1. What is the "I wouldn't eat that on a bet" thread?

The "I wouldn't eat that on a bet" thread is a discussion forum on a popular online platform where users share their experiences and opinions about food and dishes that they would not eat even if they were offered a large sum of money.

2. Why do people have such strong opinions about certain foods?

Food preferences and aversions are influenced by a variety of factors such as cultural upbringing, personal taste, and past experiences. In some cases, people may also have allergies or intolerances to certain ingredients which can contribute to their avoidance of certain foods.

3. Are there any health risks associated with eating foods that people wouldn't eat on a bet?

In most cases, the foods discussed in the "I wouldn't eat that on a bet" thread are considered safe to consume in moderation. However, there may be some instances where certain foods can pose a health risk, such as consuming raw or undercooked meat or eggs.

4. Is the "I wouldn't eat that on a bet" thread just for fun or is there a scientific basis behind it?

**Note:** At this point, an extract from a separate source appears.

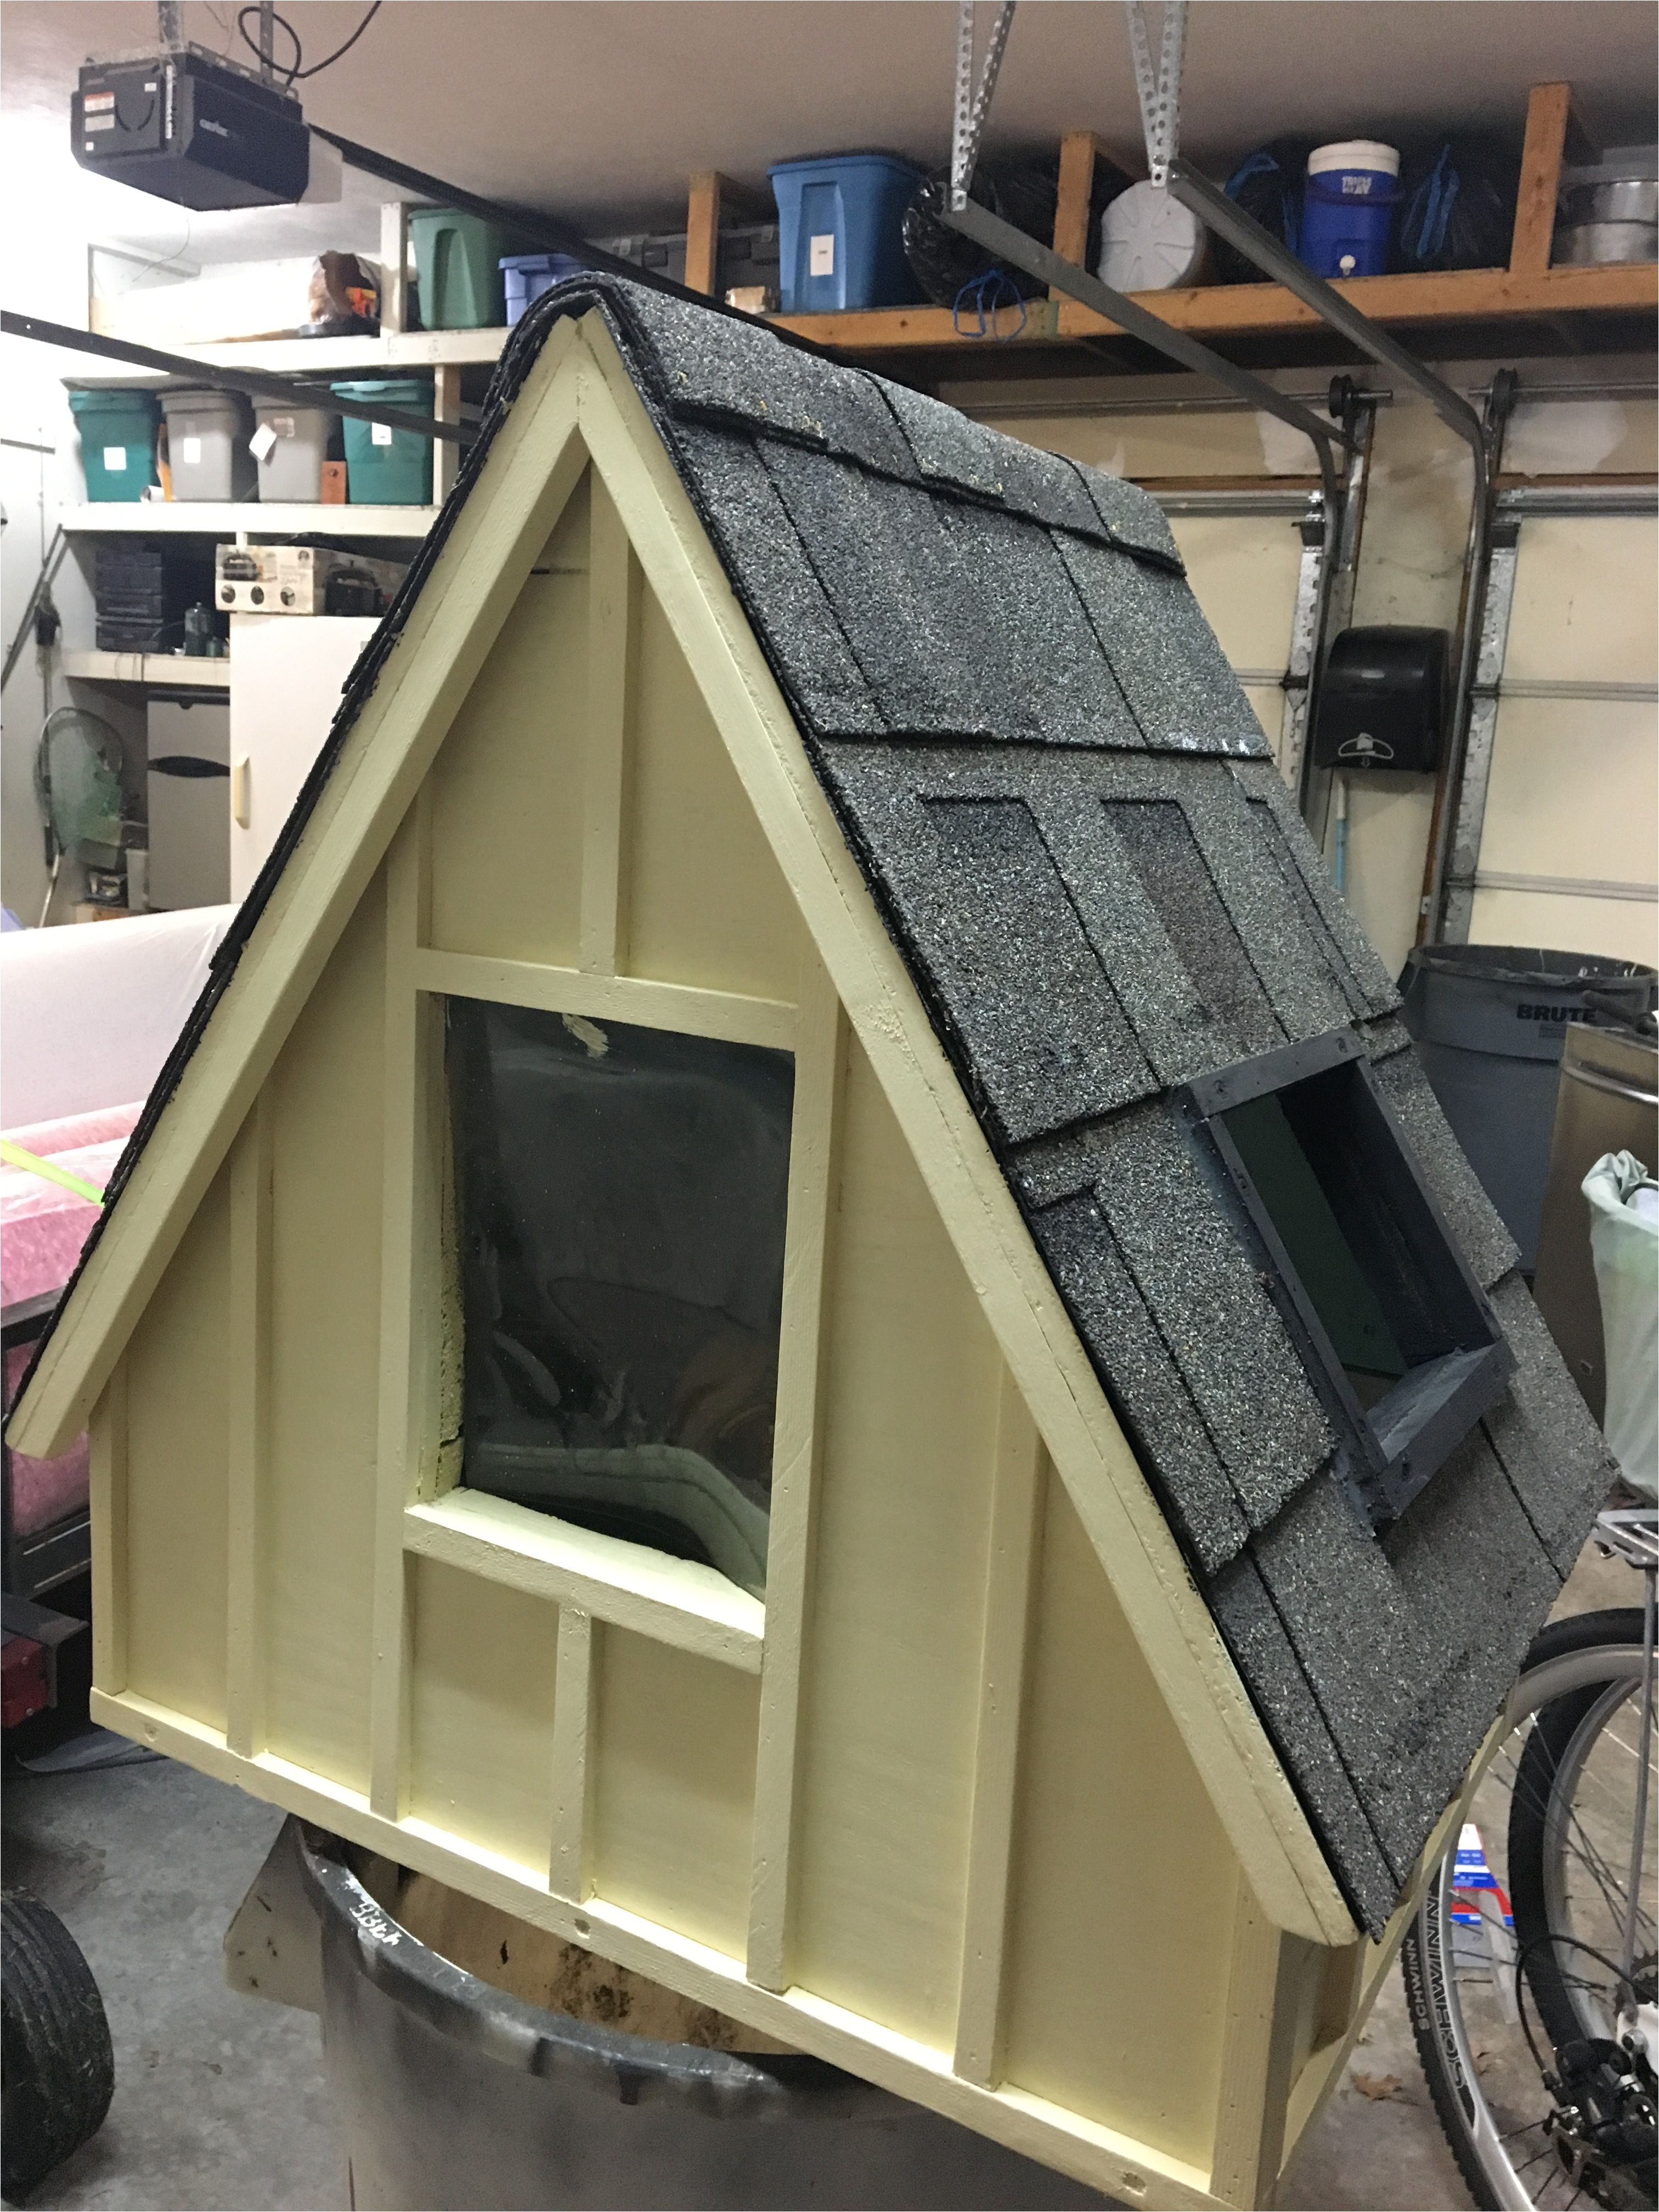 outdoor cat house insulated for cold weather

While the thread may have started as a lighthearted discussion, there is actually a scientific basis behind people's food preferences and aversions. Studies have shown that factors such as genetics, taste receptors, and brain chemistry can all play a role in our food choices.

5. Can people's opinions about certain foods change over time?

Yes, people's food preferences and aversions can change over time due to a variety of factors. For example, as we age, our taste buds may become less sensitive, causing us to enjoy foods that we previously disliked. Additionally, exposure to new cuisines and dishes can also influence our food preferences.